• [Your objective]: Retype exactly the lines from the one holding "En été, un petit" through the final line of the data, both included.

Stored data Start Marker

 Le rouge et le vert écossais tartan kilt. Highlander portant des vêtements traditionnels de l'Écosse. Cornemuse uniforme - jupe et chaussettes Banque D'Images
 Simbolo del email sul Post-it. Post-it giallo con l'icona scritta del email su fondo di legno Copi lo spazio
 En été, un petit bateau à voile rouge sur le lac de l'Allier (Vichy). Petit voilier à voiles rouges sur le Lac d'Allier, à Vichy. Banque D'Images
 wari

Stored data End Marker

• [Output for this exercise]:
 En été, un petit bateau à voile rouge sur le lac de l'Allier (Vichy). Petit voilier à voiles rouges sur le Lac d'Allier, à Vichy. Banque D'Images
 wari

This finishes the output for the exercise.